RECENZJA
38\2021
Córy ziemi – Alaitz Leceaga
Wydawnictwo: Albatros
Liczba stron: 545
Premiera: 05.05.2021 r.
Przyznam szczerze, że w momencie zamknięcia ostatniej strony debiutanckiej książki Alaitz Leceaga Las zna twoje imię już wypatrywałam zapowiedzi kolejnej powieści! Sposób opowiadania historii przez pisarkę jest niezwykle urokliwy, tajemniczy i rzucająca na czytelnika magiczne zaklęcie, powodujące potrzebę dalszego czytania, stąd moja fascynacja jej przedstawianiem świata bohaterów stała się bardzo głęboka.
Córy ziemi to historia o kobietach i dla kobiet. Pokazuje jak ważna jest walka o swoje prawa i niezależność, kierowanie się swoimi potrzebami i pragnieniami, czy spełnianie drzemiących w nas marzeń. Ta książka wywołała we mnie skrajne emocje. Na początku byłam zaskoczona zachowaniem głównej bohaterki i jej zdolnością do usprawiedliwiania złych postaw swojego brata; później pełna podziwu, odwagi i determinacji w stawianiu czoła utartym schematom i przeciwnościom losu w dążeniu do zamierzonego celu.

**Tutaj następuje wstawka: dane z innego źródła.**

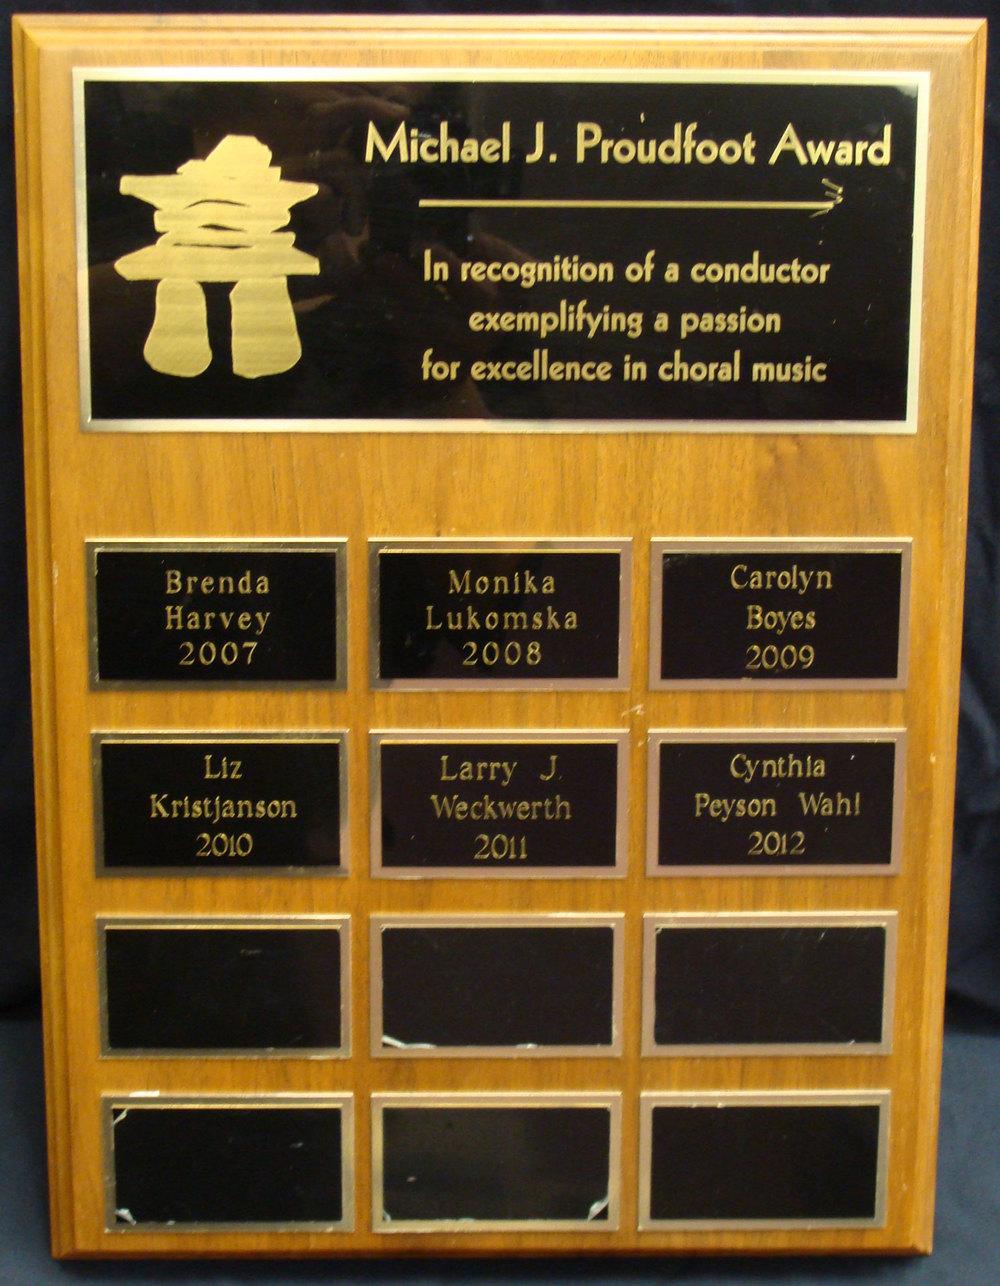 Michael J. Proudfoot Award

Dlatego na naszej ziemi nie rośnie nic dobrego i dlatego
winnice są wyschnięte. Uśpione. To wyłącznie wasza wina,
to wy odebrałyście życie tej ziemi (…).
Gloria – zamieszkująca rodzinną posiadłość w Hiszpanii, u schyłku XIX wieku, łamie konwenanse i podejmuje niebezpieczną walkę o władzę. Przeciwstawienie się przyjętym zasadom i dążenie do zmian w tamtych czasach było aktem dużej odwagi i zaskoczenia, równocześnie spotykało się ze skrajnymi reakcjami. Winnice Las Urracas od lat dręczy susza, a zatruta woda niesie śmiertelne niebezpieczeństwo. Czasu na działanie jest coraz mniej, a tajemnice z przeszłości ukryte w najgłębszych zakamarkach domu i najdalszych zakątkach pól, nie dają o sobie zapomnieć. Gloria podejmuje walkę o rodzinę i posiadłość pozostającą w posiadaniu od pokoleń.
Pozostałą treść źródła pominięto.